▶ [INPUT]:
*-*-*

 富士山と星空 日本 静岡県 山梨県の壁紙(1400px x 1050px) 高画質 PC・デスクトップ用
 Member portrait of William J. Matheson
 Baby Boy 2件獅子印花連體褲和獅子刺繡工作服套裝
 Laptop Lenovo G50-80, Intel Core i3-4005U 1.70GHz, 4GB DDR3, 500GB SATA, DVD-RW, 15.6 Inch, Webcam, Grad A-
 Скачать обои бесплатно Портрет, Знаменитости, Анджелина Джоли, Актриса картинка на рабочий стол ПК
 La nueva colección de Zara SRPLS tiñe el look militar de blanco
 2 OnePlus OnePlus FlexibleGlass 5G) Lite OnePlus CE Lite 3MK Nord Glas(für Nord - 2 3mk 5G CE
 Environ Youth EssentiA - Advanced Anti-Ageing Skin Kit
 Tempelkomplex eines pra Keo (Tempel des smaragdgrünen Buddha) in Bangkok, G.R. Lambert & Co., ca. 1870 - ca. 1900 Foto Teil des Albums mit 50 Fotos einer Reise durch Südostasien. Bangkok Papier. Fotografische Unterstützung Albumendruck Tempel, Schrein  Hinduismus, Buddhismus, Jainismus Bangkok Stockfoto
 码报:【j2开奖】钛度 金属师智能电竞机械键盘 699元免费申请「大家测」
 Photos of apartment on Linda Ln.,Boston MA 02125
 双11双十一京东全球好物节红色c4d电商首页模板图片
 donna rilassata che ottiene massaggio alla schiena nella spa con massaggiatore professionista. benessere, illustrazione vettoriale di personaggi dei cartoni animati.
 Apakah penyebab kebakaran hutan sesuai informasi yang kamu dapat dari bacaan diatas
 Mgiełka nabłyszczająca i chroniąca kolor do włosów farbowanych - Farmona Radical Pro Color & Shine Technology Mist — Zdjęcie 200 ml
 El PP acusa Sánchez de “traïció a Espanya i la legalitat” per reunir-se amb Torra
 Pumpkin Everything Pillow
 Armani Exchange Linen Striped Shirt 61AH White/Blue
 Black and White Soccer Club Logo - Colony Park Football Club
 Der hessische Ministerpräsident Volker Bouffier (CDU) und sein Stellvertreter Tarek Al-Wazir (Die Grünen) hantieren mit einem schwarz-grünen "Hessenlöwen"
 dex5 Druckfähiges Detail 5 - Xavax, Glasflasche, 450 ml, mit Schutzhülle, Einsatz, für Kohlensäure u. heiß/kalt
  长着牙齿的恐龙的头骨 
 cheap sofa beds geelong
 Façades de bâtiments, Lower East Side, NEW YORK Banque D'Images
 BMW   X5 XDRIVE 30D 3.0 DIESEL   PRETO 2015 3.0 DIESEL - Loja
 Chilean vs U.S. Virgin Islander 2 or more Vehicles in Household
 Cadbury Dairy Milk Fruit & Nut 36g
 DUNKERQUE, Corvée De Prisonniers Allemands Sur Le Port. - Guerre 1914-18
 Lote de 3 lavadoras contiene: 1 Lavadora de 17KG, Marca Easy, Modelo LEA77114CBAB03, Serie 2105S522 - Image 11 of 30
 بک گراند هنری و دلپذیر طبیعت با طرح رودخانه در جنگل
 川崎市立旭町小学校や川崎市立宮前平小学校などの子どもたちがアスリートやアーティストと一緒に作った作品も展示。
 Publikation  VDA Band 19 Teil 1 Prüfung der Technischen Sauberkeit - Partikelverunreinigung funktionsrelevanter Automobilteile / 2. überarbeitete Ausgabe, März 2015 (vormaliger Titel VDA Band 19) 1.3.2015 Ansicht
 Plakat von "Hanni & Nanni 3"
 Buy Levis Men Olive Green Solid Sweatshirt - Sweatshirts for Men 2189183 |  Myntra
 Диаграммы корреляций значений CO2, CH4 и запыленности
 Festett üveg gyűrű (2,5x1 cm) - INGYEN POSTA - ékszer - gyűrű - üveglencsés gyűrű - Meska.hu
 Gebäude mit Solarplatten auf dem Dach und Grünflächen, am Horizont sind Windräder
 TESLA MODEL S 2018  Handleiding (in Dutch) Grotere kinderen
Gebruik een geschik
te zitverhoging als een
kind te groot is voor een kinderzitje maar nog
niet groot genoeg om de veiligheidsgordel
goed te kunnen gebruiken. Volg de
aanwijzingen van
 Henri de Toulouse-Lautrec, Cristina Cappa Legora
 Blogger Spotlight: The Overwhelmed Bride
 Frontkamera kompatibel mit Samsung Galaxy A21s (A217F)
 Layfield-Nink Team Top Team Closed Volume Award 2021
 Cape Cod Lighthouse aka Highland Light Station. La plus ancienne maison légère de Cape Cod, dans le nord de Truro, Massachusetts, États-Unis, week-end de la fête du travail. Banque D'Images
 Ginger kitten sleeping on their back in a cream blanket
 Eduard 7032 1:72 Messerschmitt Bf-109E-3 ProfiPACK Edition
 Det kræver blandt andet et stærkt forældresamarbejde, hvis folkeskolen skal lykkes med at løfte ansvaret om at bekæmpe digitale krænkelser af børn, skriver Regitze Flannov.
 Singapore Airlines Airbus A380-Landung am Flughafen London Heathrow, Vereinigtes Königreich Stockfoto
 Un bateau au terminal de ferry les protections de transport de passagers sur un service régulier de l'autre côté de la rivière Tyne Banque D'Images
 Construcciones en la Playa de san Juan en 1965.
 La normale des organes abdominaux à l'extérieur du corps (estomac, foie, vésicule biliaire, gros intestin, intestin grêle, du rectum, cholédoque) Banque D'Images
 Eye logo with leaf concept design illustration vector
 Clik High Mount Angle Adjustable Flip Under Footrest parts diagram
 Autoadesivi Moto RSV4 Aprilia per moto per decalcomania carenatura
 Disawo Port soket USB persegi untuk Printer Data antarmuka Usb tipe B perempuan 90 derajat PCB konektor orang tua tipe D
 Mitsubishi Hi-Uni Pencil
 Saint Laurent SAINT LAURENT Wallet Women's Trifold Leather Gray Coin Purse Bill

*-*-*

▶ [ACTION ITEM]:
Could you transcribe the whole listing above without any edits?

▶ [OUTPUT]:
 富士山と星空 日本 静岡県 山梨県の壁紙(1400px x 1050px) 高画質 PC・デスクトップ用
 Member portrait of William J. Matheson
 Baby Boy 2件獅子印花連體褲和獅子刺繡工作服套裝
 Laptop Lenovo G50-80, Intel Core i3-4005U 1.70GHz, 4GB DDR3, 500GB SATA, DVD-RW, 15.6 Inch, Webcam, Grad A-
 Скачать обои бесплатно Портрет, Знаменитости, Анджелина Джоли, Актриса картинка на рабочий стол ПК
 La nueva colección de Zara SRPLS tiñe el look militar de blanco
 2 OnePlus OnePlus FlexibleGlass 5G) Lite OnePlus CE Lite 3MK Nord Glas(für Nord - 2 3mk 5G CE
 Environ Youth EssentiA - Advanced Anti-Ageing Skin Kit
 Tempelkomplex eines pra Keo (Tempel des smaragdgrünen Buddha) in Bangkok, G.R. Lambert & Co., ca. 1870 - ca. 1900 Foto Teil des Albums mit 50 Fotos einer Reise durch Südostasien. Bangkok Papier. Fotografische Unterstützung Albumendruck Tempel, Schrein  Hinduismus, Buddhismus, Jainismus Bangkok Stockfoto
 码报:【j2开奖】钛度 金属师智能电竞机械键盘 699元免费申请「大家测」
 Photos of apartment on Linda Ln.,Boston MA 02125
 双11双十一京东全球好物节红色c4d电商首页模板图片
 donna rilassata che ottiene massaggio alla schiena nella spa con massaggiatore professionista. benessere, illustrazione vettoriale di personaggi dei cartoni animati.
 Apakah penyebab kebakaran hutan sesuai informasi yang kamu dapat dari bacaan diatas
 Mgiełka nabłyszczająca i chroniąca kolor do włosów farbowanych - Farmona Radical Pro Color & Shine Technology Mist — Zdjęcie 200 ml
 El PP acusa Sánchez de “traïció a Espanya i la legalitat” per reunir-se amb Torra
 Pumpkin Everything Pillow
 Armani Exchange Linen Striped Shirt 61AH White/Blue
 Black and White Soccer Club Logo - Colony Park Football Club
 Der hessische Ministerpräsident Volker Bouffier (CDU) und sein Stellvertreter Tarek Al-Wazir (Die Grünen) hantieren mit einem schwarz-grünen "Hessenlöwen"
 dex5 Druckfähiges Detail 5 - Xavax, Glasflasche, 450 ml, mit Schutzhülle, Einsatz, für Kohlensäure u. heiß/kalt
  长着牙齿的恐龙的头骨 
 cheap sofa beds geelong
 Façades de bâtiments, Lower East Side, NEW YORK Banque D'Images
 BMW   X5 XDRIVE 30D 3.0 DIESEL   PRETO 2015 3.0 DIESEL - Loja
 Chilean vs U.S. Virgin Islander 2 or more Vehicles in Household
 Cadbury Dairy Milk Fruit & Nut 36g
 DUNKERQUE, Corvée De Prisonniers Allemands Sur Le Port. - Guerre 1914-18
 Lote de 3 lavadoras contiene: 1 Lavadora de 17KG, Marca Easy, Modelo LEA77114CBAB03, Serie 2105S522 - Image 11 of 30
 بک گراند هنری و دلپذیر طبیعت با طرح رودخانه در جنگل
 川崎市立旭町小学校や川崎市立宮前平小学校などの子どもたちがアスリートやアーティストと一緒に作った作品も展示。
 Publikation  VDA Band 19 Teil 1 Prüfung der Technischen Sauberkeit - Partikelverunreinigung funktionsrelevanter Automobilteile / 2. überarbeitete Ausgabe, März 2015 (vormaliger Titel VDA Band 19) 1.3.2015 Ansicht
 Plakat von "Hanni & Nanni 3"
 Buy Levis Men Olive Green Solid Sweatshirt - Sweatshirts for Men 2189183 |  Myntra
 Диаграммы корреляций значений CO2, CH4 и запыленности
 Festett üveg gyűrű (2,5x1 cm) - INGYEN POSTA - ékszer - gyűrű - üveglencsés gyűrű - Meska.hu
 Gebäude mit Solarplatten auf dem Dach und Grünflächen, am Horizont sind Windräder
 TESLA MODEL S 2018  Handleiding (in Dutch) Grotere kinderen
Gebruik een geschik
te zitverhoging als een
kind te groot is voor een kinderzitje maar nog
niet groot genoeg om de veiligheidsgordel
goed te kunnen gebruiken. Volg de
aanwijzingen van
 Henri de Toulouse-Lautrec, Cristina Cappa Legora
 Blogger Spotlight: The Overwhelmed Bride
 Frontkamera kompatibel mit Samsung Galaxy A21s (A217F)
 Layfield-Nink Team Top Team Closed Volume Award 2021
 Cape Cod Lighthouse aka Highland Light Station. La plus ancienne maison légère de Cape Cod, dans le nord de Truro, Massachusetts, États-Unis, week-end de la fête du travail. Banque D'Images
 Ginger kitten sleeping on their back in a cream blanket
 Eduard 7032 1:72 Messerschmitt Bf-109E-3 ProfiPACK Edition
 Det kræver blandt andet et stærkt forældresamarbejde, hvis folkeskolen skal lykkes med at løfte ansvaret om at bekæmpe digitale krænkelser af børn, skriver Regitze Flannov.
 Singapore Airlines Airbus A380-Landung am Flughafen London Heathrow, Vereinigtes Königreich Stockfoto
 Un bateau au terminal de ferry les protections de transport de passagers sur un service régulier de l'autre côté de la rivière Tyne Banque D'Images
 Construcciones en la Playa de san Juan en 1965.
 La normale des organes abdominaux à l'extérieur du corps (estomac, foie, vésicule biliaire, gros intestin, intestin grêle, du rectum, cholédoque) Banque D'Images
 Eye logo with leaf concept design illustration vector
 Clik High Mount Angle Adjustable Flip Under Footrest parts diagram
 Autoadesivi Moto RSV4 Aprilia per moto per decalcomania carenatura
 Disawo Port soket USB persegi untuk Printer Data antarmuka Usb tipe B perempuan 90 derajat PCB konektor orang tua tipe D
 Mitsubishi Hi-Uni Pencil
 Saint Laurent SAINT LAURENT Wallet Women's Trifold Leather Gray Coin Purse Bill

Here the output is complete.